Cruising 30,000 feet in the air I was about to reach Rovinj (roh-VEEN), the picturesque seaside town located north west of Croatia’s Istrian Peninsula. The Italians (who call Rovinj Rovigno) did a great job at keeping this a secret from us for decades. And for a valid reason. If it weren’t for The Daily Telegraph (and subsequently, Sa who moved here recently) J and I would not be heading to one of the most romantic towns on the Adriatic coast.
Rovinj greeted us with fresh sea air and a scorching 30 degree celsius heat. It was the stuff that weather dreams were made of, since we came from London where the Big Guy in the Sky had forgotten to turn off the shower faucet for weeks!
Real summer, heLLLooooooo!
Our beautiful apartment was located in the Old Town, at the heart of the town centre. As we walked towards Apartmani Taylor, I got a sense of what Rovinj was like in the old days when it was under Venetian influence. The cobbled streets were shiny, narrow, and twisted around colourful, crammed-together houses and buildings. I couldn’t help but to notice how many art galleries or workshops (or ateliers) we had walked past. And how vibrant colours seem to work their way into every corner of the streets.
I was completely in awe with the stone wall and dark wood combination in our well-equipped apartment, and that has always been the dream interior of my dream home.
Exploring parts of the Old Town, I recognised the laundry system that came up in my google search and I had been so keen to photograph. I can spend all day just taking photos of colourful laundry hung high on the 12 metre washing line from window to window.
But alas, there’s the clear blue sea which brings us fresh fish caught by the local fishermen and brought in to the fishing port daily. Andrija, our local Croatian artist, warned us against the waterfront trattorias ran by non-natives that served unauthentic food.

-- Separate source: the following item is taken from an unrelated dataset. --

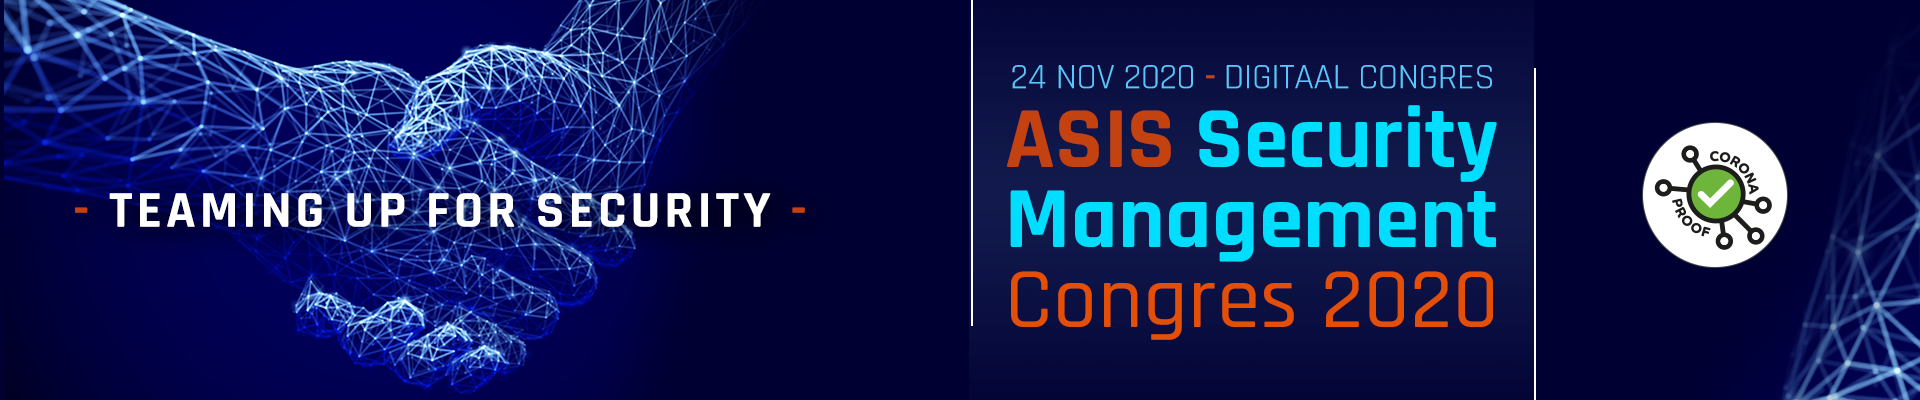 ASIS Security Management Congres 2020

So it is only fair that I impart the personal recommendations for restaurants that we have either been to or were given 5-stars by our local friends.
1) Konoba ‘Da Baston’ – Svalba 3, Rovinj, Croatia
2) Orca – Gripole ulica 52210, Rovinj, Croatia
3) Scuba – Pino Budicin 6, Rovinj, Croatia
4) Neptun – J. Rakovac 10, Rovinj 52210, Croatia
While I am at the food and beverage department, drinkers will be ecstatic to know that beer and wine in Rovinj is very reasonably priced. There are so many lively bars overlooking the pier, ranging from the relaxed to the upbeat discos. The Monvi centre also has a party atmosphere with bars, discos, a nightclub and an open air theatre where concerts are held.

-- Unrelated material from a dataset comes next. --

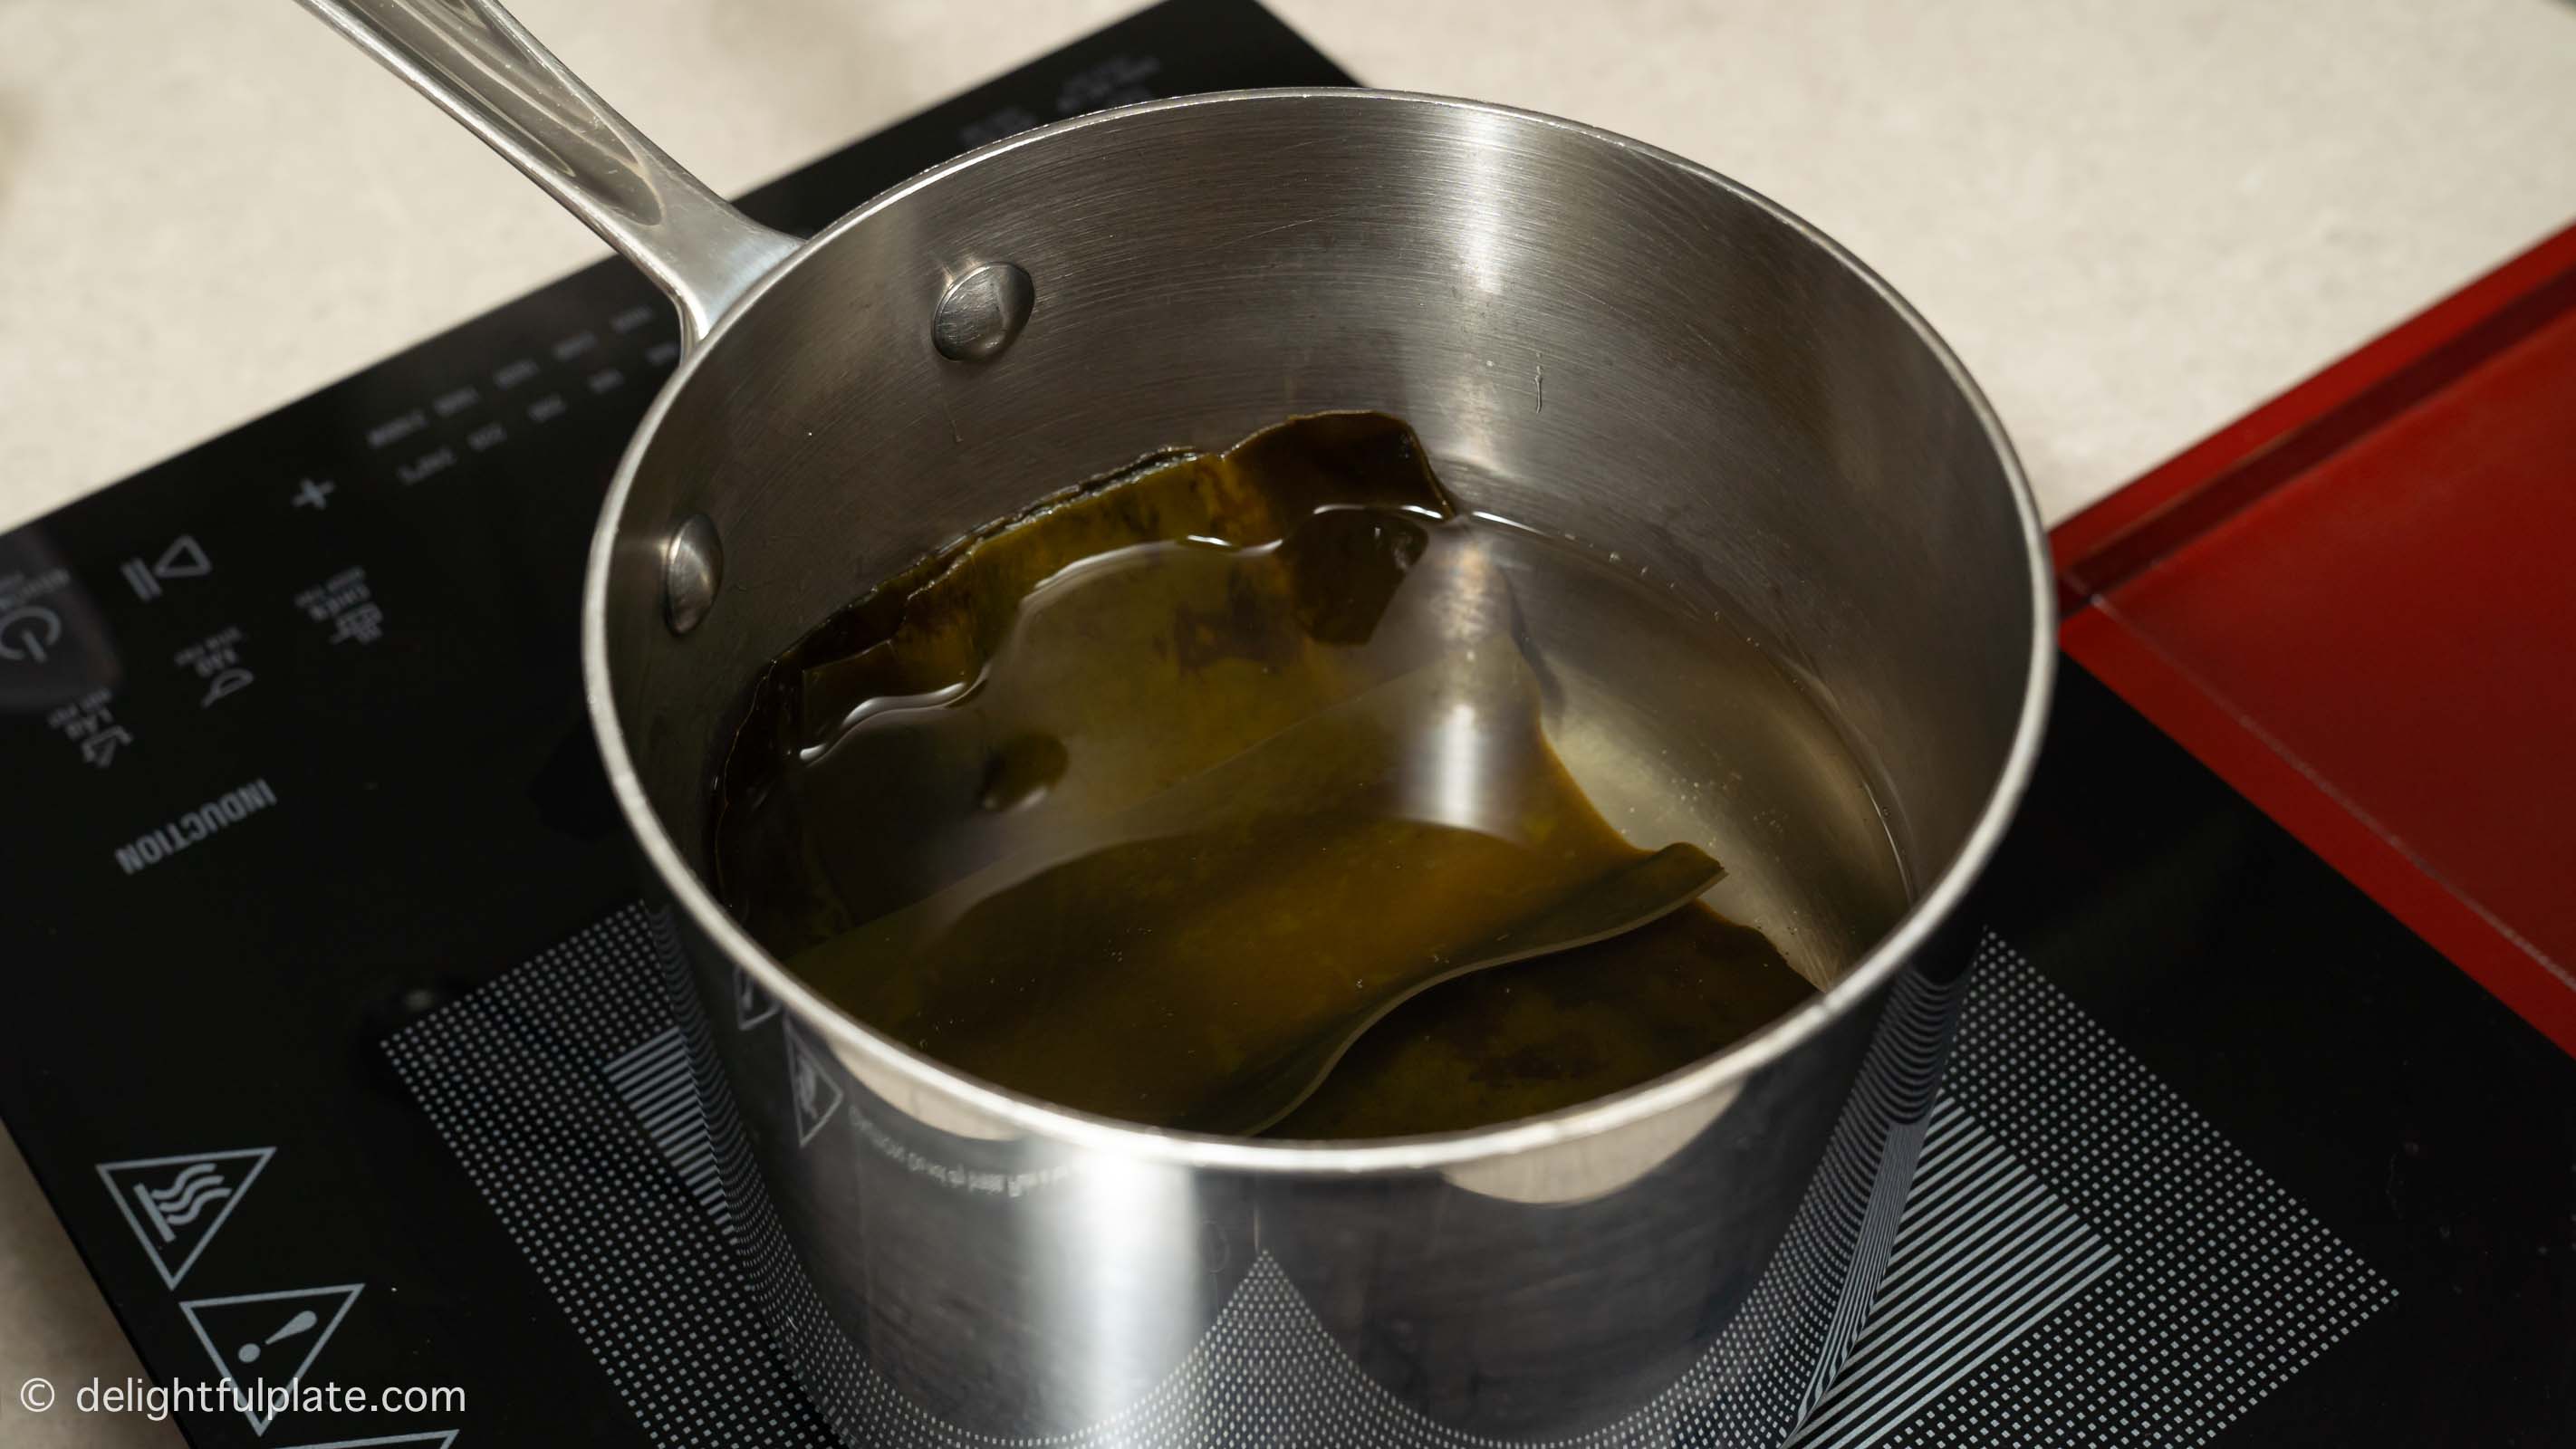 heating dried kelp and water in a pot to make kombu dashi.

If you are game for sitting on the shore and watching the ships go by, go to the Valentino Cocktail & Champagne Bar along Santa Croce. Notice I said go to the shore and not the bar itself, people have literally sat down and got up again upon seeing the prices for drinks. Word of mouth also suggested that the owner of the bar disliked people sitting by her premise without buying any drinks, so as a way around things please only patron the shore when the bar is closed.
There are plenty of choices for beaches in and around Rovinj, including the Baluota Beach at the foot of St. Euphemia’s Church and the beach on the Island of St. Andrija (only a ten minute boat ride from town). Of course there are other more superior locations with clear turquoise water and big white rocks.
We hired a bike at the edge of town and cycled along Punta Corrente, the national park that lines the peninsula. On the bike trail all along the sea you can stop anywhere to swim and quench your thirst at the bars. At the end of the trail lies a natural and quiet beach called Lone Bay in Zlatni Rt with capes and coves that stretches for about 2700 m.
If you are one who enjoys getting your kit off, Rovinj is the best place you can do so without being gawked at. Out of an abundance of naturist camps, go to the most famous one called Valalta.
This long weekend away had us falling head over heels for this enchanting Mediterranean seaside town and wishing that there were more days or even weeks to our stay.
Ryanair flies into Pula, which is about 25 miles/40 km south of Rovinj. For further options, you could fly to Trieste or Venice in Italy and then transfer from there. Whatever it takes to come back to this idyllic town that moves to a different rhythm to the rest of Croatia.
Thank YOU for sharing your adventure in that beautiful town of Rovinj. I read it, and was totally captured by your story it almost felt as if I was there, truly!
That is the single nicest thing anyone has ever said about what I wrote, thanks Chiamin! I will keep posting interesting stories to inspire! 🙂
Just enjoyed reading some of your pieces – thanks for sharing them.
How long do you have to carry on writing pharmastuff? Let’s hope Dr Coach provides the answer!
I’m glad you enjoyed it. As for your question, do check in again to see where I end up with the coaching in time.
I know what Chiamin means about feeling as if we were there. Beautifully worded! Lovely pictures too. I want to go there!